Aucune réserve n’est enregistrée à la suite des résultats. Mais seulement, l’on note l’effet d’une douche froide chez les perdants. Un silence de mort. Les uns assis à même le sol, visiblement fatigués et dépassés par les circonstances, se sont mis debout. Hélas! Pas de chance! Bozizé gagne à Yaoundé. D’autres revoient leurs notes, sans trouver matière à contestation. Du coup, un cri de joie jaillit de la dizaine des représentants de Bozizé. «Confirmation! Confirmation. Le travail paie. Salues-moi. Ce sera comme ça partout» lance un jeune homme dans la petite foule. Il tend la main à ses camarades du parti Kwa na Kwa, avant d’être interrompu par les superviseurs. «Non! Non! C’est qui ça? Taisez-vous là-bas. Les représentants n’ont pas encore signé… Laissez nous travailler», réplique le deuxième vice – président de la CEI, sous un ton gendarme. Débordant d’émotion, un autre partisan du Kwa na Kwa répond au téléphone «Allô! Allô! Ah! Oui. C’est clair. Les autres n’ont rien vu. Nous avons gagné avec plus de 60%.» Il est à son tour rappelé à l’ordre. Pas besoin de festoyer. Car malgré le calme relatif, une atmosphère de suspicion règne. Il y a une forte présence policière. Ce n’est pas tout le monde qui parle. Tous les gestes sont surveillés. Seules les autorités et forces de l’ordre sont au téléphone.

 


© Integrations
2 092 électeurs étaient inscrits sur les listes électorales. 868 personnes ont voté. Petite curiosité sur la plupart des 14 bulletins nuls. Certains étaient soit déchirés au niveau de la photo des candidats sur le bulletin, soit cachetés dans tous les carreaux, alors que le choix consistait à mettre du cachet dans un carré réservé à côté de la photo du candidat choisi. En effet, le bulletin de vote est un document sur lequel les photos de tous les candidats sont alignées. Chaque photo est suivie d’un espace réservé au cachet.

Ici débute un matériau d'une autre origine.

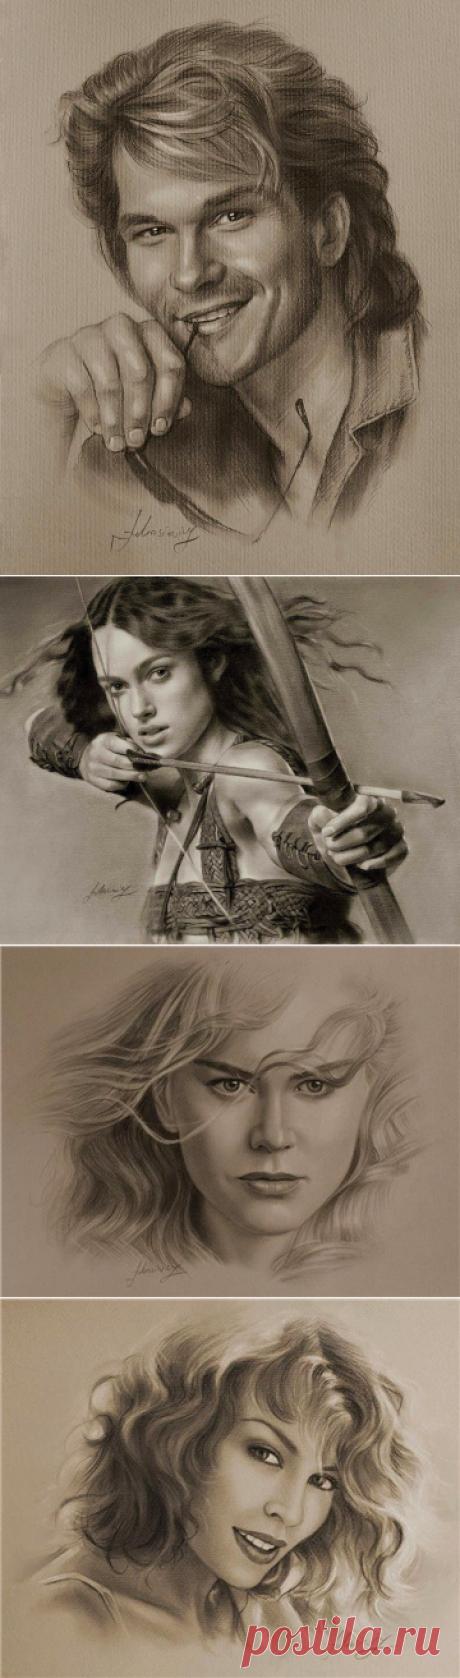 Карандашные рисунки знаменитостей польского художника Кшиштофа Люкашевича

Election sous haute surveillance policière
Il faut avoir un statut particulier pour accéder à l’ambassade de la République centrafricaine, ce dimanche de vote. Depuis le début des opérations électorales, la circulation dans la rue conduisant au lieu de vote est conjointement régulée par les éléments de la compagnie de sécurisation des diplomates, la police et une équipe de sécurité mise en place par les organisateurs de l’élection. Deux véhicules respectivement immatriculés SN 4012 et SN 4049 sont garés pour la circonstance. Les électeurs ayant accompli leur devoir sont dirigés à l’extérieur, puis un peu plus loin de la chancellerie. Ils sont contrains de quitter les lieux, «pour revenir après le dépouillement». On assiste au spectacle d’échanges de mots entre policiers et centrafricains: «C’est notre élection. On vous appelle pour assurer notre sécurité Et non pour nous chasser. Vous voulez qu’on s’asseye où?» Lance un jeune homme aux forces de l’ordre. Et le Sango, l’une des langues parlées en RCA se fait entendre. Des gestes violents conduisent parfois à des altercations entre frères Centrafricains. Mais il n’y a pas d’affrontement physique. À 17h 40, alors que les bureaux de vote sont fermés et le dépouillement est attendu, un autre véhicule de la police immatriculé SN 3964arrive. Le renfort est assuré. Et les policiers expliquent leur action: «On ne vous chasse pas. Nous avons eu des ordres de la plus haute hiérarchie de la police camerounaise. Aidez-nous à assurer votre sécurité.si vous n’écoutez pas, on va passer à l’étape supérieure.» Jusque là, de nombreux centrafricains n’ont pas abandonné les lieux. Ils rodent dans le secteur. Certains tuent le temps en faisant des cent pas jusqu’au lieu-dit Vallée Nlongkak. D’autres attendent en fumant des cigarettes.